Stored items
=== Section Start ===
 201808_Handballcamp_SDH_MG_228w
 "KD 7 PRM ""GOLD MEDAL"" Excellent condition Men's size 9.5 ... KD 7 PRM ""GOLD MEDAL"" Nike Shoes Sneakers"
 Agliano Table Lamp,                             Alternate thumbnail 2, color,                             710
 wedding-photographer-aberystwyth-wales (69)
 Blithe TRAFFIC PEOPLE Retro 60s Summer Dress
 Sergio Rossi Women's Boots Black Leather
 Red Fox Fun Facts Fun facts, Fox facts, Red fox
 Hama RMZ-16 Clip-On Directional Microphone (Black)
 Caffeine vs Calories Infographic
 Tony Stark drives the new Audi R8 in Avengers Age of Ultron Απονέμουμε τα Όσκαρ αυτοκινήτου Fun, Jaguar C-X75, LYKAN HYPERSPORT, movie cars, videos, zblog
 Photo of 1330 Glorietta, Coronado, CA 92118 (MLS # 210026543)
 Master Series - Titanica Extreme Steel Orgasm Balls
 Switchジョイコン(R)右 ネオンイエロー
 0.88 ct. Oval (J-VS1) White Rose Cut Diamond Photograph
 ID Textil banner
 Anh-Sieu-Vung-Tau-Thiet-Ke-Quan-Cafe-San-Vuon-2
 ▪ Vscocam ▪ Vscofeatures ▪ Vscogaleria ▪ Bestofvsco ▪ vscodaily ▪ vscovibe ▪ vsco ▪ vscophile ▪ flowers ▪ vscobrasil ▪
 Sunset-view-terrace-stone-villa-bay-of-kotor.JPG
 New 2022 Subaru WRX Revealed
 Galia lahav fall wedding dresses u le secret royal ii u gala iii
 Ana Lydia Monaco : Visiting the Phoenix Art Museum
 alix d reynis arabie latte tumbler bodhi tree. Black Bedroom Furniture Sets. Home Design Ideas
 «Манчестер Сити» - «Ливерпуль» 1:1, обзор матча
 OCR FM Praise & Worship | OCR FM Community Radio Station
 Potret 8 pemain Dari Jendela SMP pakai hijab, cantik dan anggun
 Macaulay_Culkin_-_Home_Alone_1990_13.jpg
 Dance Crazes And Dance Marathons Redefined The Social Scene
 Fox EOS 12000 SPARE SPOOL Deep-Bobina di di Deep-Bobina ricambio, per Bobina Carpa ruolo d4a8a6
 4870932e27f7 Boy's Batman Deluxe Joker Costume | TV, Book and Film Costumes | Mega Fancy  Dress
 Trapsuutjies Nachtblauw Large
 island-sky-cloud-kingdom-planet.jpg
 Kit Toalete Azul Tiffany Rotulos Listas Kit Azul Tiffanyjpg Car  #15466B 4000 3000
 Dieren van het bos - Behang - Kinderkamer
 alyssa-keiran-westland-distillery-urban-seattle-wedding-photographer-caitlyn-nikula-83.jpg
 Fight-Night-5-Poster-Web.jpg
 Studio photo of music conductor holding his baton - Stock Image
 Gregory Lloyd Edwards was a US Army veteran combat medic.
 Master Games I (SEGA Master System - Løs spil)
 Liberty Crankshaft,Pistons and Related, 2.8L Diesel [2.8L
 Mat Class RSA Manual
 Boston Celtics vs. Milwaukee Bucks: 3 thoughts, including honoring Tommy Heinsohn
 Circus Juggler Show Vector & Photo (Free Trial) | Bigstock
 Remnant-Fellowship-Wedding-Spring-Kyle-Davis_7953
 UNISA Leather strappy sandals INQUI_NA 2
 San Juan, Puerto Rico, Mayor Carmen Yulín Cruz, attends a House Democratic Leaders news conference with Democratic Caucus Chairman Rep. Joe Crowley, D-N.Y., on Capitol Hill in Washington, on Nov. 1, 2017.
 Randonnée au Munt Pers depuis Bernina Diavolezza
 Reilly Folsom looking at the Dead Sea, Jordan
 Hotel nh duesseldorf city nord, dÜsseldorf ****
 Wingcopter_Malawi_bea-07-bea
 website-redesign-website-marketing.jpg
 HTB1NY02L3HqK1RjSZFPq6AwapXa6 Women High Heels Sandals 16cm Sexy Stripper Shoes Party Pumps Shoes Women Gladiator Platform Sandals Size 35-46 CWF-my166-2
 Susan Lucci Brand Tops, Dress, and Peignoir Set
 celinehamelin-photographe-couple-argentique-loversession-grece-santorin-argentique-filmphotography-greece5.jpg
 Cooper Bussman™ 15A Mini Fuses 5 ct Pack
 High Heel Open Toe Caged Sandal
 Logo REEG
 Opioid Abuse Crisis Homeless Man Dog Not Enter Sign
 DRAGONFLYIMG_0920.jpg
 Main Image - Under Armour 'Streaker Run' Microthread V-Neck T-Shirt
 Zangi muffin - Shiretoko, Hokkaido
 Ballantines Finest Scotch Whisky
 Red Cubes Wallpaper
=== Section End ===
__Aim of the exercise__.
When the line containing "island-sky-cloud-kingdom-planet.jpg" is reached, include it and stop. Until then, output each line of the entries exactly as given, starting from the first.

__Output below__.
 201808_Handballcamp_SDH_MG_228w
 "KD 7 PRM ""GOLD MEDAL"" Excellent condition Men's size 9.5 ... KD 7 PRM ""GOLD MEDAL"" Nike Shoes Sneakers"
 Agliano Table Lamp,                             Alternate thumbnail 2, color,                             710
 wedding-photographer-aberystwyth-wales (69)
 Blithe TRAFFIC PEOPLE Retro 60s Summer Dress
 Sergio Rossi Women's Boots Black Leather
 Red Fox Fun Facts Fun facts, Fox facts, Red fox
 Hama RMZ-16 Clip-On Directional Microphone (Black)
 Caffeine vs Calories Infographic
 Tony Stark drives the new Audi R8 in Avengers Age of Ultron Απονέμουμε τα Όσκαρ αυτοκινήτου Fun, Jaguar C-X75, LYKAN HYPERSPORT, movie cars, videos, zblog
 Photo of 1330 Glorietta, Coronado, CA 92118 (MLS # 210026543)
 Master Series - Titanica Extreme Steel Orgasm Balls
 Switchジョイコン(R)右 ネオンイエロー
 0.88 ct. Oval (J-VS1) White Rose Cut Diamond Photograph
 ID Textil banner
 Anh-Sieu-Vung-Tau-Thiet-Ke-Quan-Cafe-San-Vuon-2
 ▪ Vscocam ▪ Vscofeatures ▪ Vscogaleria ▪ Bestofvsco ▪ vscodaily ▪ vscovibe ▪ vsco ▪ vscophile ▪ flowers ▪ vscobrasil ▪
 Sunset-view-terrace-stone-villa-bay-of-kotor.JPG
 New 2022 Subaru WRX Revealed
 Galia lahav fall wedding dresses u le secret royal ii u gala iii
 Ana Lydia Monaco : Visiting the Phoenix Art Museum
 alix d reynis arabie latte tumbler bodhi tree. Black Bedroom Furniture Sets. Home Design Ideas
 «Манчестер Сити» - «Ливерпуль» 1:1, обзор матча
 OCR FM Praise & Worship | OCR FM Community Radio Station
 Potret 8 pemain Dari Jendela SMP pakai hijab, cantik dan anggun
 Macaulay_Culkin_-_Home_Alone_1990_13.jpg
 Dance Crazes And Dance Marathons Redefined The Social Scene
 Fox EOS 12000 SPARE SPOOL Deep-Bobina di di Deep-Bobina ricambio, per Bobina Carpa ruolo d4a8a6
 4870932e27f7 Boy's Batman Deluxe Joker Costume | TV, Book and Film Costumes | Mega Fancy  Dress
 Trapsuutjies Nachtblauw Large
 island-sky-cloud-kingdom-planet.jpg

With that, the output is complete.